Problem to work on
Repeat exactly, and only, the lines from the line bearing "Rug - Triangles" through the end of the material. Do not copy the pictures.

Data block
..............................

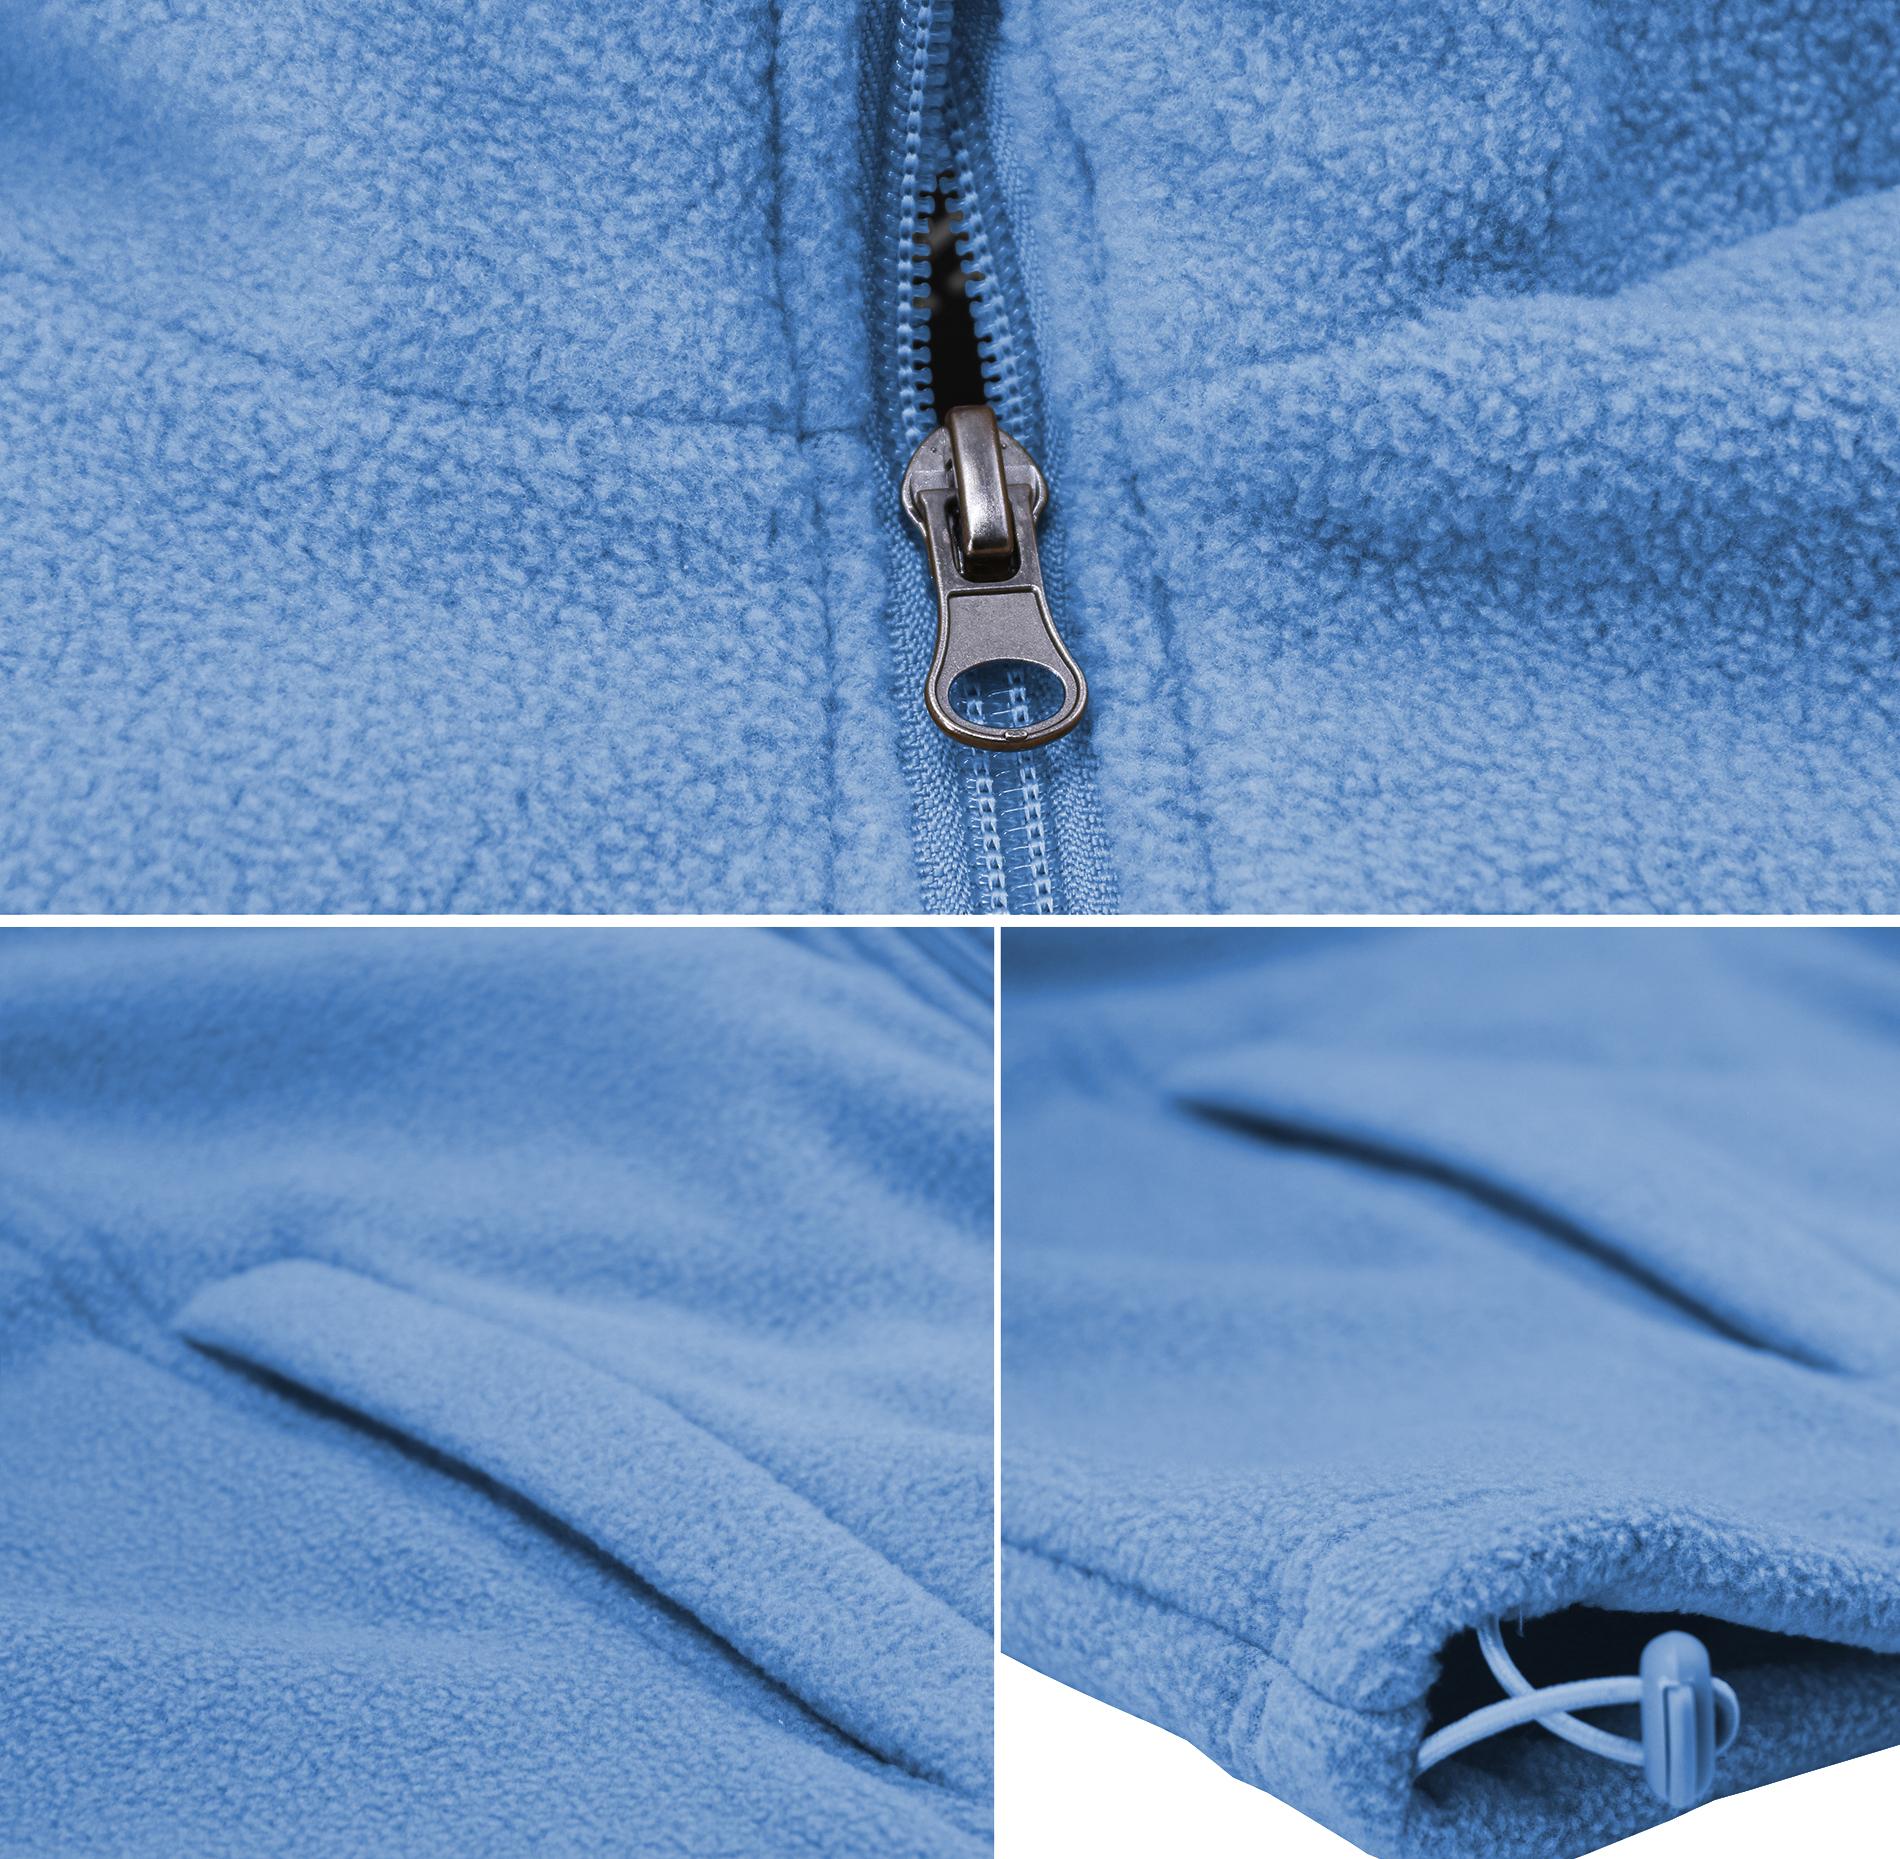 miniature 10 - Men-039-s-Polar-Fleece-Lightweight-Warm-Jacket-Collared-Full-Zip-Up-Sweater-Vest
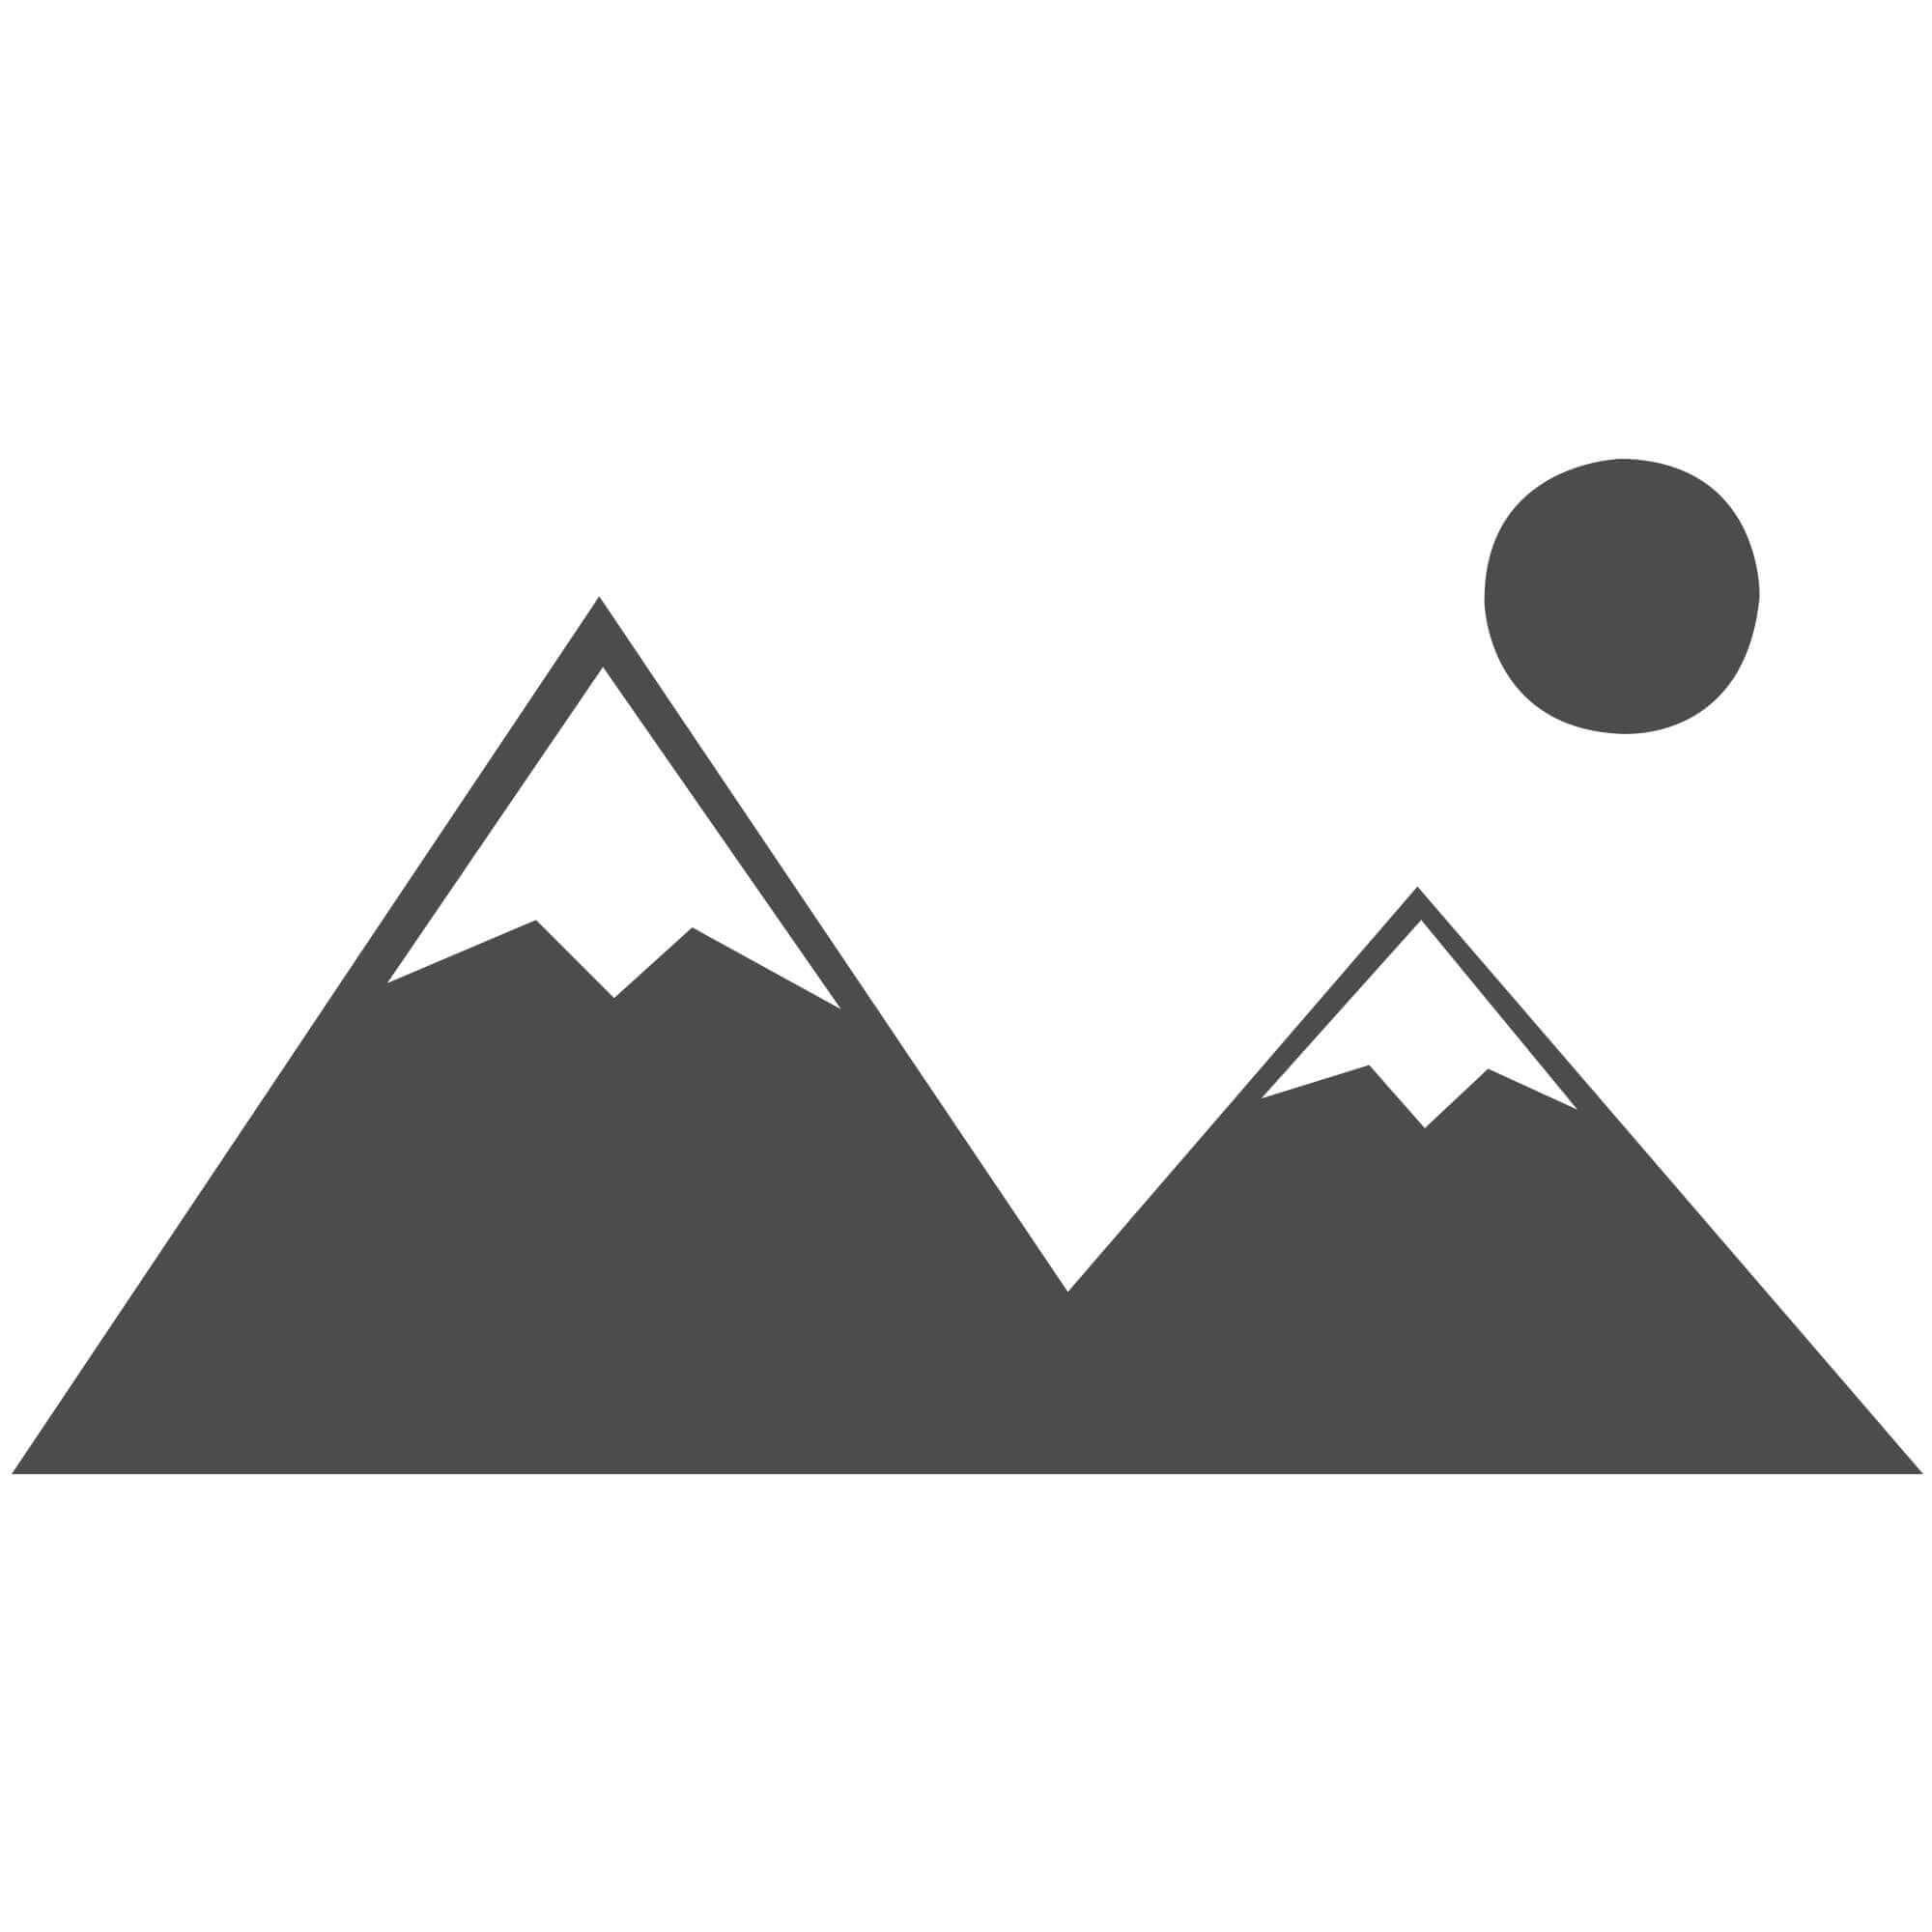 "Galleria Rug - Triangles 63263 5161 - Size 280 x 380 cm (9'2"" x 12'5"")"
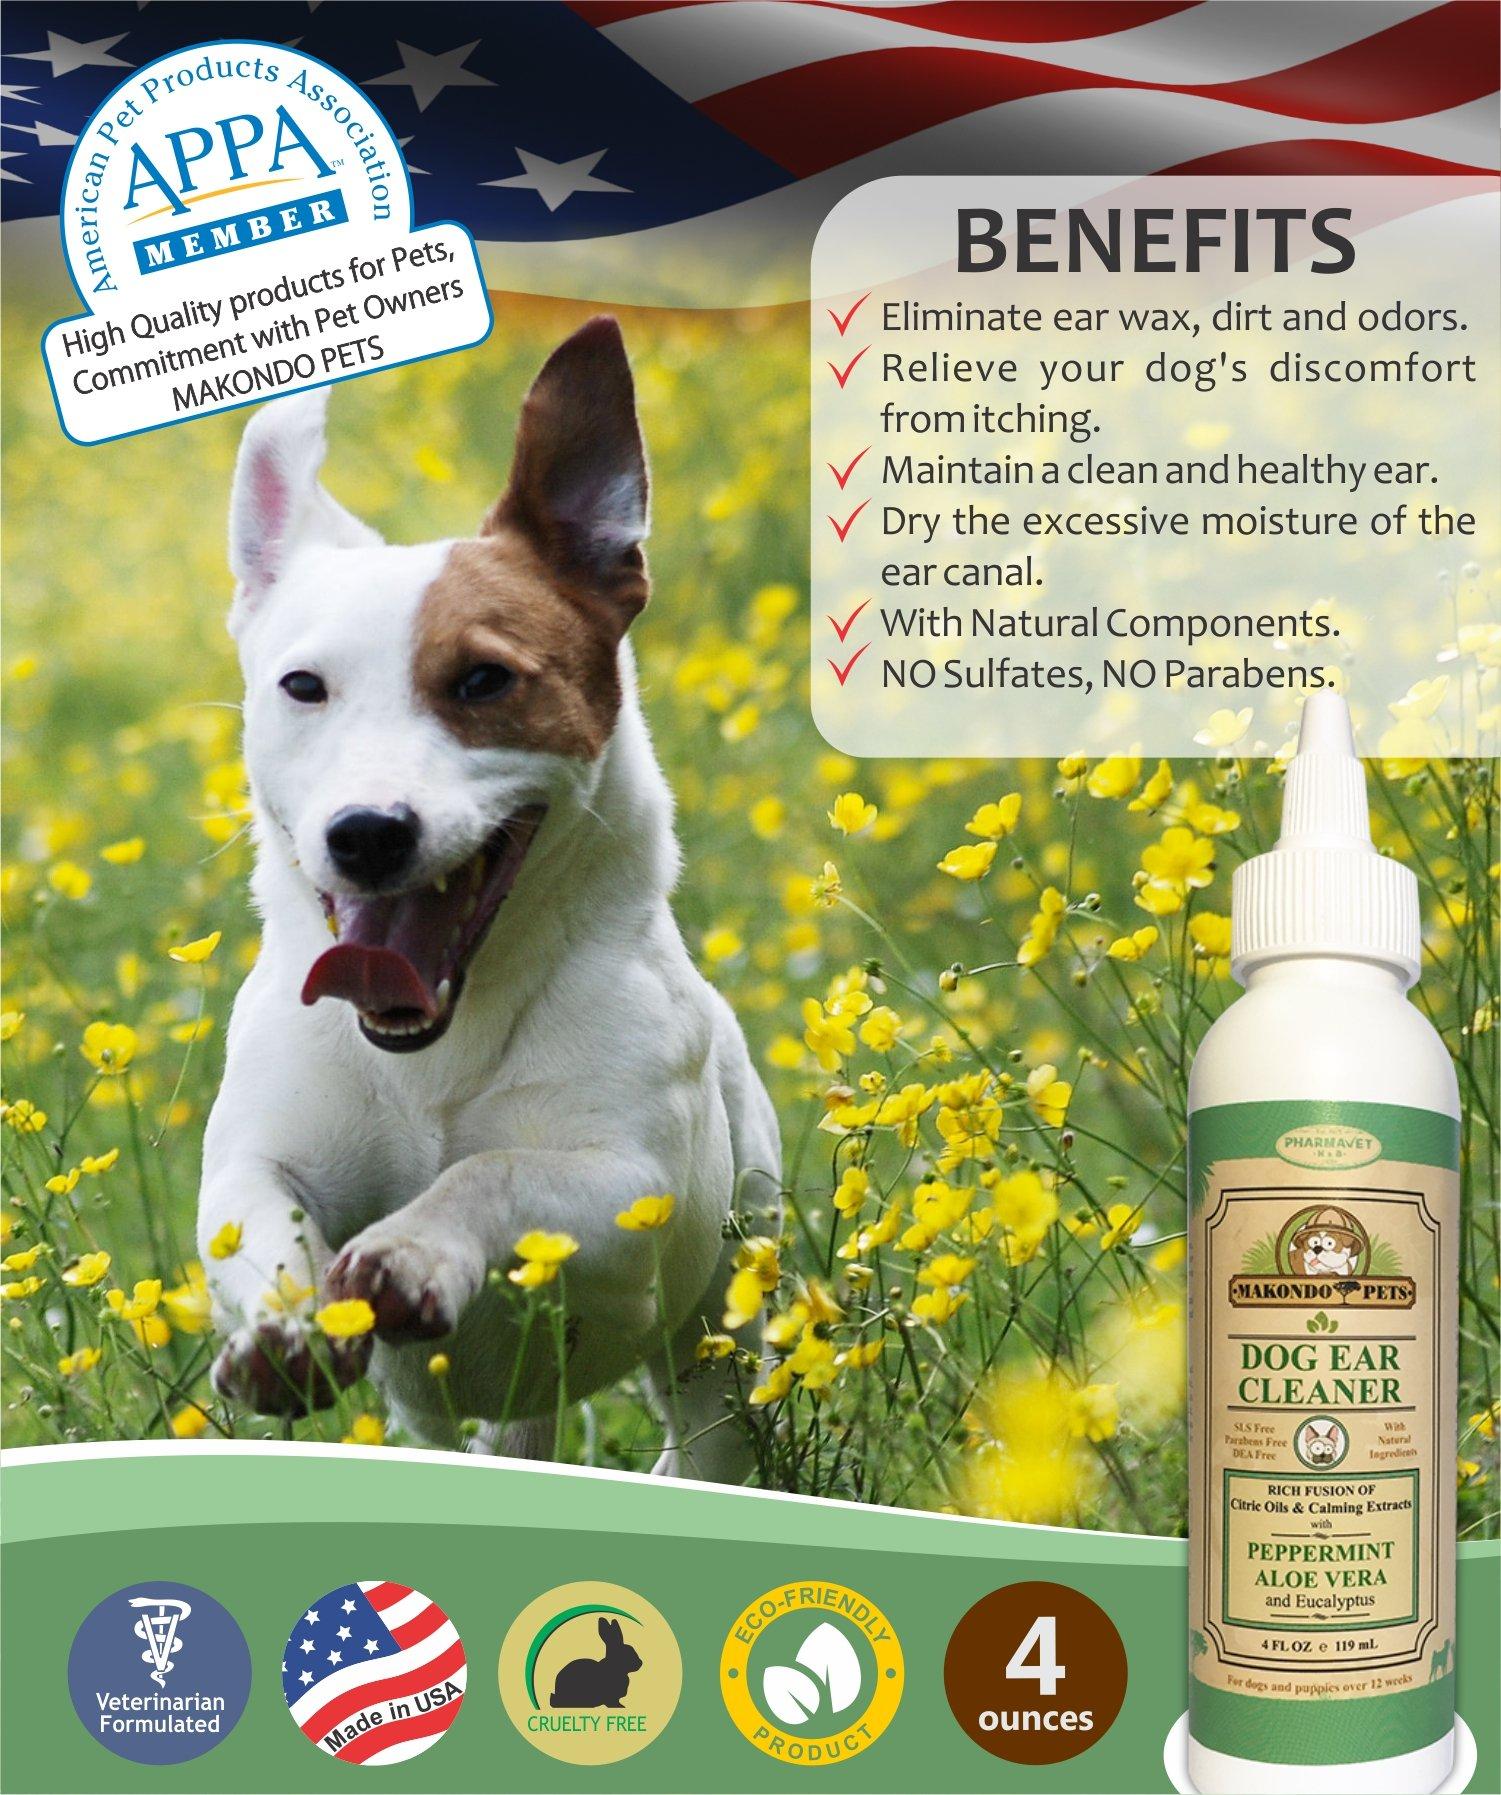 Buy Makondo Pets Dog Ear Cleaner/Advanced Dog Ear Wax Remover- All

..............................

Worked solution
 "Galleria Rug - Triangles 63263 5161 - Size 280 x 380 cm (9'2"" x 12'5"")"
 Buy Makondo Pets Dog Ear Cleaner/Advanced Dog Ear Wax Remover- All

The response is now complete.